You are viewing a plain text version of this content. The canonical link for it is here.
Posted to hdfs-user@hadoop.apache.org by Aaron Kimball <aa...@cloudera.com> on 2009/09/22 22:21:21 UTC

Re: Hadoop Failover and Recovery

Allen,

Here's an example of an HA solution being used for the namenode:
http://www.cloudera.com/blog/2009/07/22/hadoop-ha-configuration/

- Aaron

On Mon, Aug 31, 2009 at 10:01 AM, Allen Wittenauer <awittenauer@linkedin.com
> wrote:

> On 8/28/09 8:58 PM, "sagar_shukla" <sa...@persistent.co.in> wrote:
> >      What are the failover and recovery mechanisms available for Hadoop ?
> I
> > searched over the internet but could not find any good documentation for
> > different scenarios like datanode going down or namenode going down.
>
> In most cases, the documentation for "fixing" Hadoop is:
>
> A) fix hardware
> B) clean out tmp files, etc
> C) restart processes for that node
>
> Name node is a bit of a special case.
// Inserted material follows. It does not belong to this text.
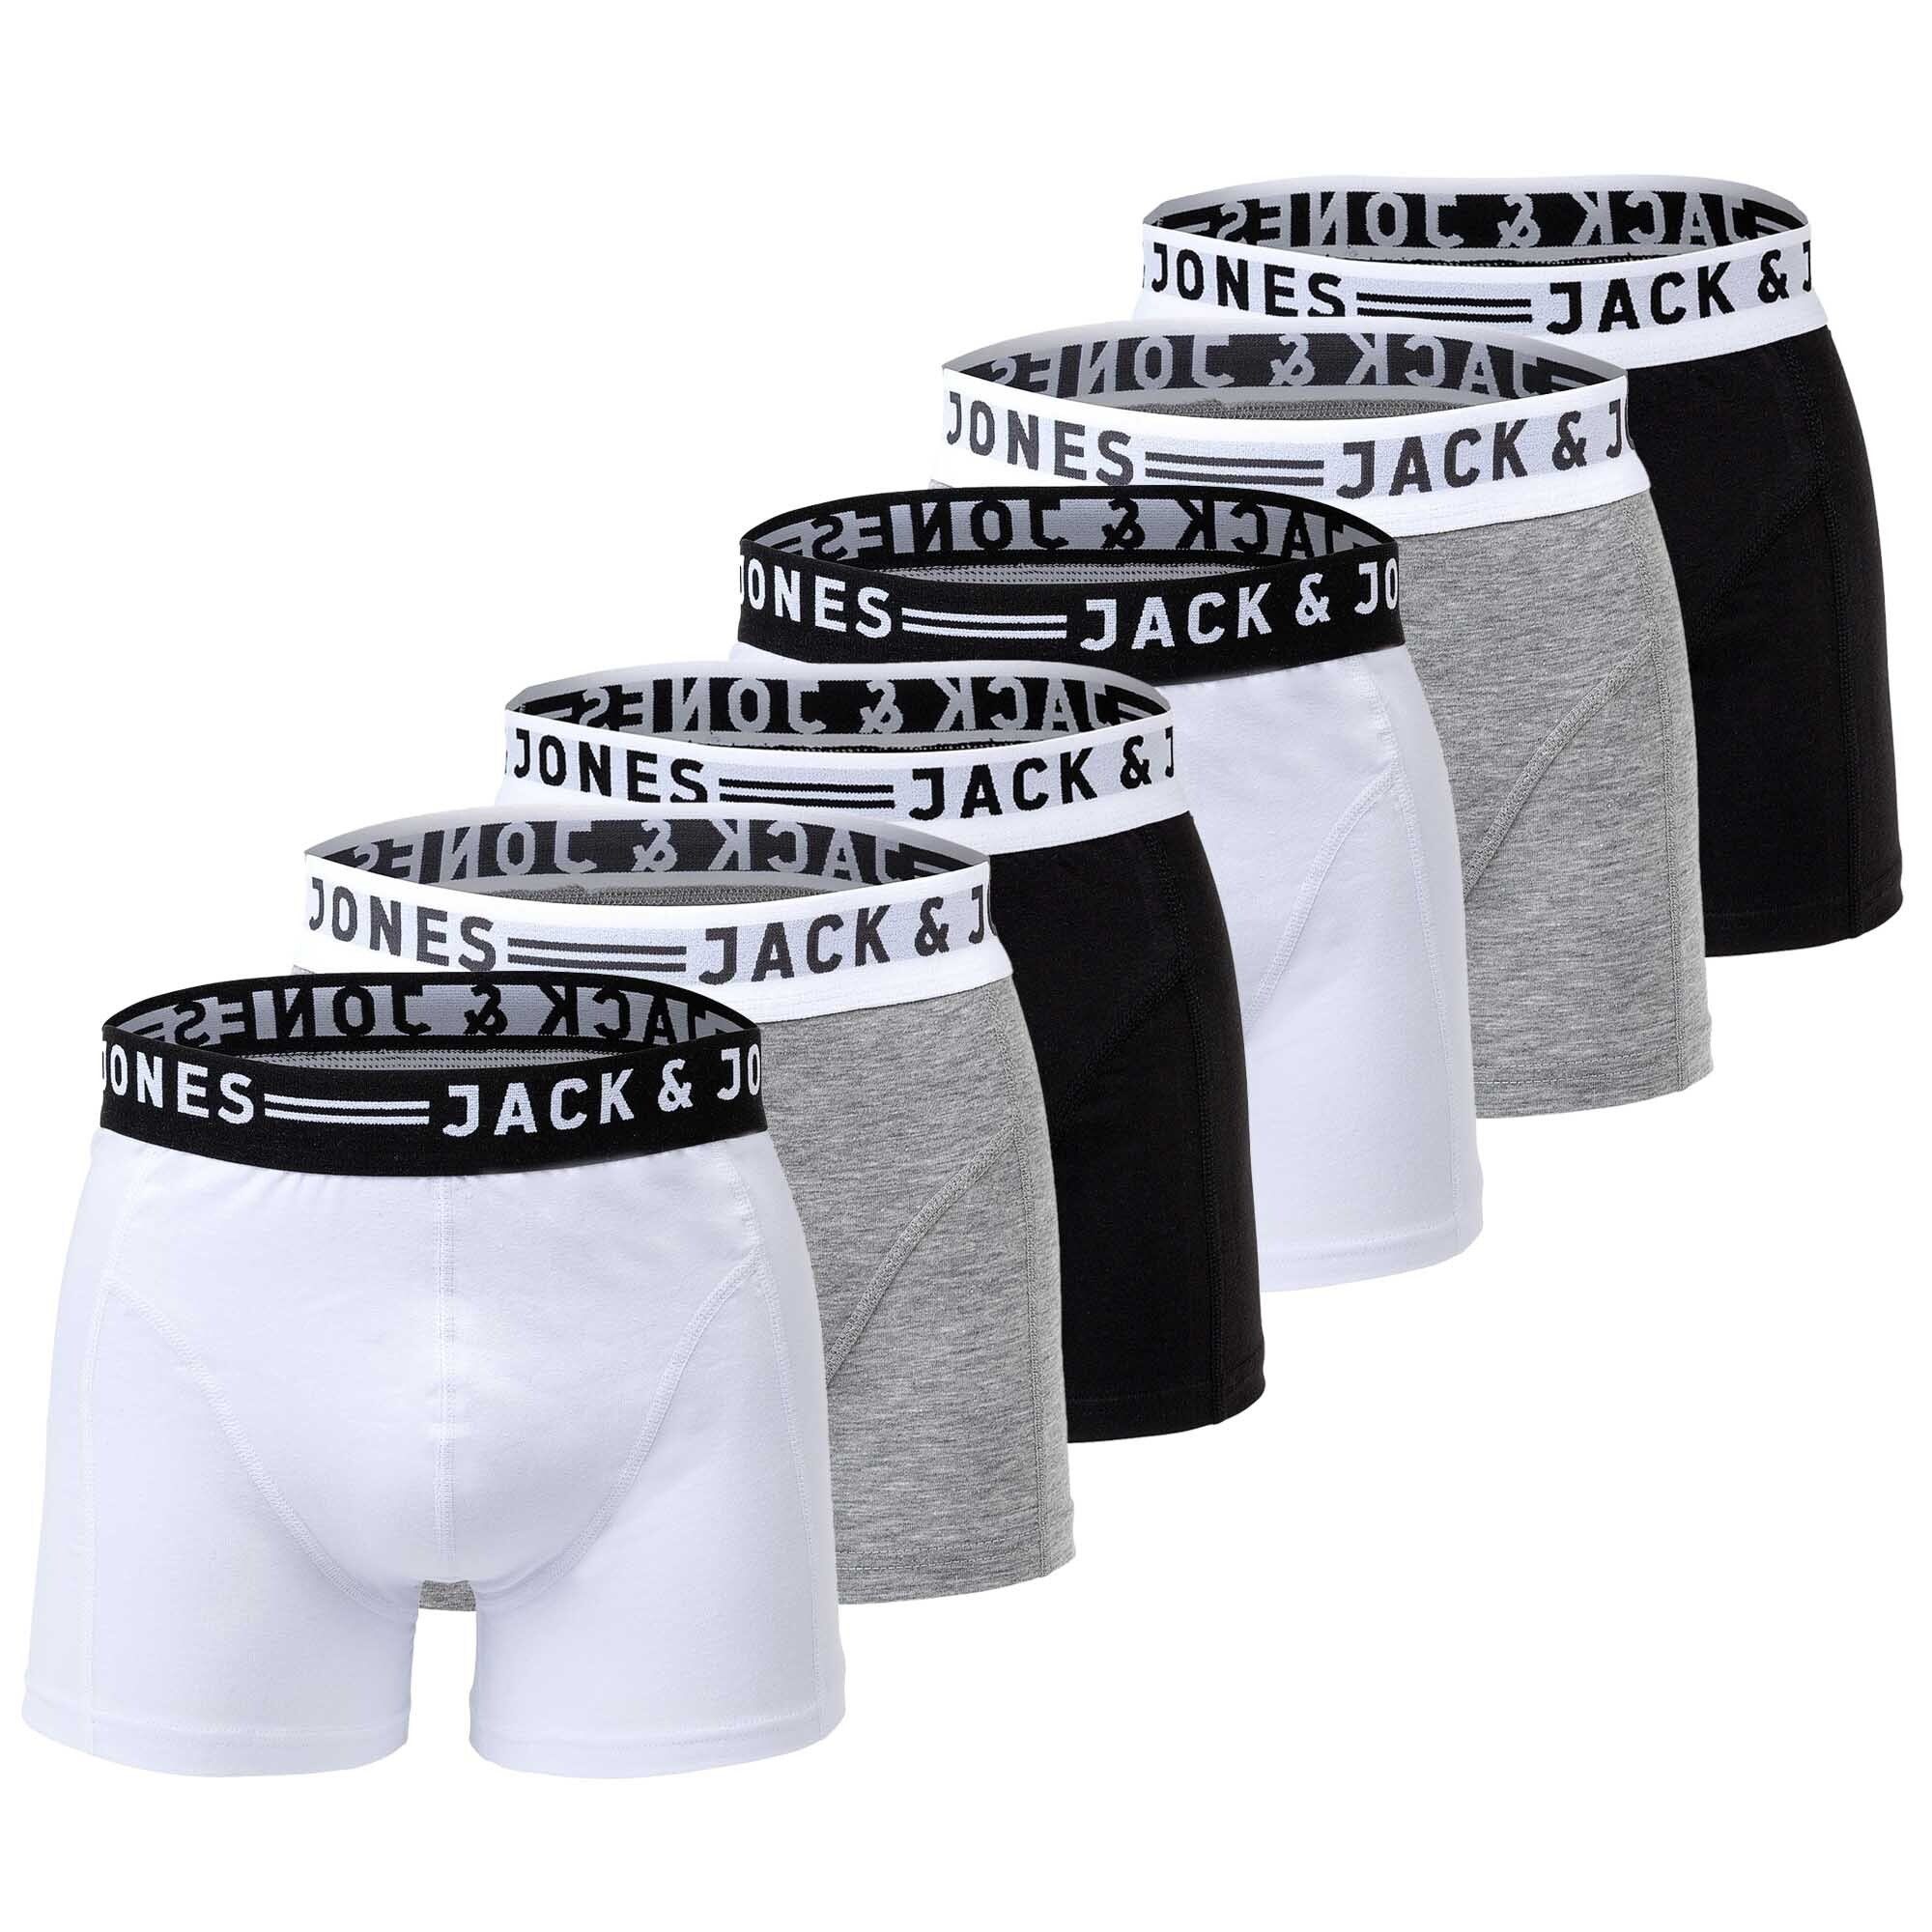 Jack & Jones Boxer Herren Boxer Shorts, 6er Pack - SENSE TRUNKS Schwarz/Grau/Weiß

I'm amused that
> http://wiki.apache.org/hadoop/NameNodeFailover is empty. :)
>
> For name node, you have some preventative things to do first:
>
> A) have matching hardware available
> B) make sure you have fsimage and edits file writing or at least available
> to that machine via NFS, SMB, whatever it takes
>
> On failure, use that backup image to bring the name node backup on your
> spare box.
>
> Note that the NN isn't HA.  I suspect something like SunCluster or VCS
> could
> be used here to make it less susceptible to issues, but I don't know if
> anyone has tried it.
>
>
>
>